Осуществлению личности в человеке мешает прежде всего наличие вошедшей в жизнь порчи, — на языке личности — вошедшего в жизнь зла. Проблема зла является поэтому определяющей проблемой религиозной практики, — и для того чтобы уяснить себе существо того или иного религиозного уклона, необходимо восстановить в памяти его отношение к проблеме зла. Три рассматриваемых нами типа религиозного и культурного творчества тремя различными пониманиями зла откликаются на эту проблему. Порча не скрылась ни от одного народа земли. Но сталкиваясь с нею, люди представляли себе ее существо соответственно основным руководящим принципам своего общего понимания жизни. И те три различные понимания зла, которыми характеризовалась религиозная практика у греков, * «Кто потеряет душу, тот найдет ее». **«Не любите мира, ни того, что в мире».

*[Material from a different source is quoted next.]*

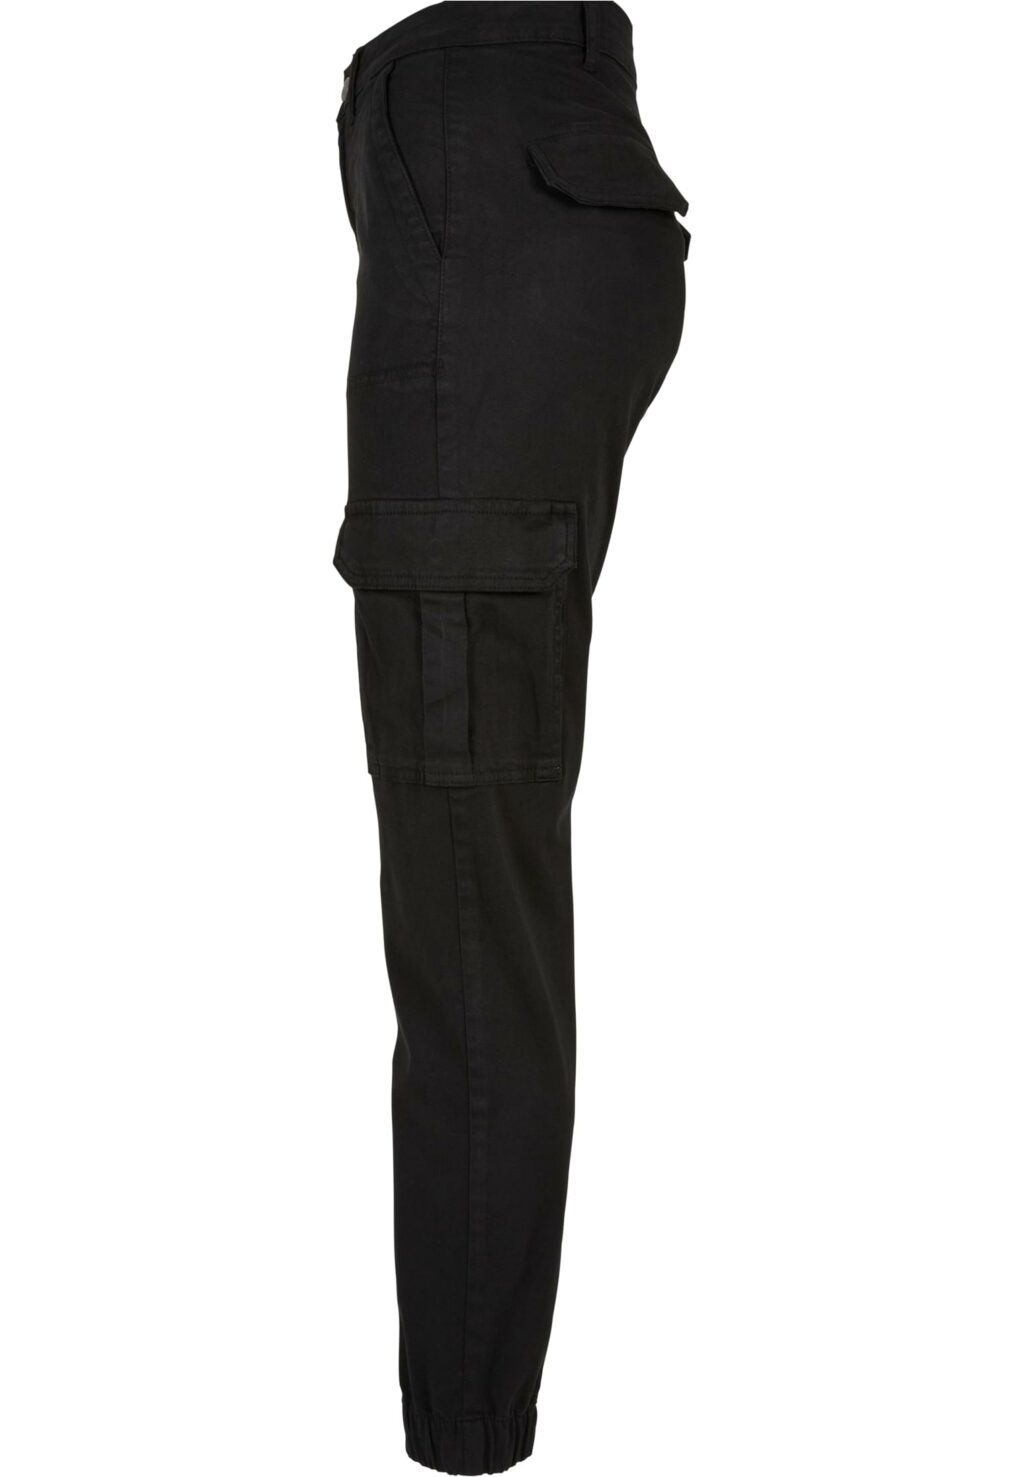 Urban Classics Ladies Cotton Twill Utility Pants black TB5454

египтян и евреев, связаны, конечно, с преобладающими в каждом из этих народов устремлениями воли и мысли, с устремлениями, стоящими под знаком той или иной из трех верховных идей.

Ариец, воспринимая и переживая жизнь как гармонию и мощь, видит зло в нарушении строя, ритма и радости жизни. Порча жизни действительно выражается в умалении ее, во всем, что составляет ее отрицание, разрушение. Переживания, связанные с нарушением целостности жизни, — это страдание, боль. Страдание, — будет ли оно физической болью или нравственной депрессией или эстетическим отвращением, — вызывает стремление преодолеть его. Избавление всей вообще жизни от беспорядка, создающего страдание, сделалось целью религиозной практики там, где гармония и радость жизни были высшим благом. Еще более несовместимо с цельностью жизни разрушение индивидуального жизненного единства, называемое смертью. Человек, т.е. существо, призванное к личностному бытию, не может не видеть в своей и подобных себе смерти — обнаружение зла. Личность как абсолютное, неповторимое и незаменимое начало есть путь, не могущий быть прерванным, остановленным, замененным другими путями. Спаянные друг с другом общностью (единством) жизни, люди естественно переживают смерть подобных себе как удар по цельности жизни, как мучительный в ней прорыв. Оттого печаль и плач сопровождают факт смерти. Для египтян, видевших в жизни прежде всего жизнь душ, смерть должна была представляться самой сущностью зла, основным проявлением порчи. Смерть порывает связь, какою связана личность со своим лицом — телом — в плане вещном. Величайшая печаль в том, что личное существо — человек — побеждаем «процессами», явлениями природы. И даже если бы смерть означала только разрушение тела — с сохранением в каком бы то ни было смысле самой личности — это не выводило бы из печали, потому что тело — вовсе не оболочка, не одежда, не темница духа, как мог думать иной греческий философ, — а плоть, лицо души, выражение ее. Египтяне умели любить эту плоть, чем, надо думать, объясняются их удивительные заботы о сохранении тел усопших.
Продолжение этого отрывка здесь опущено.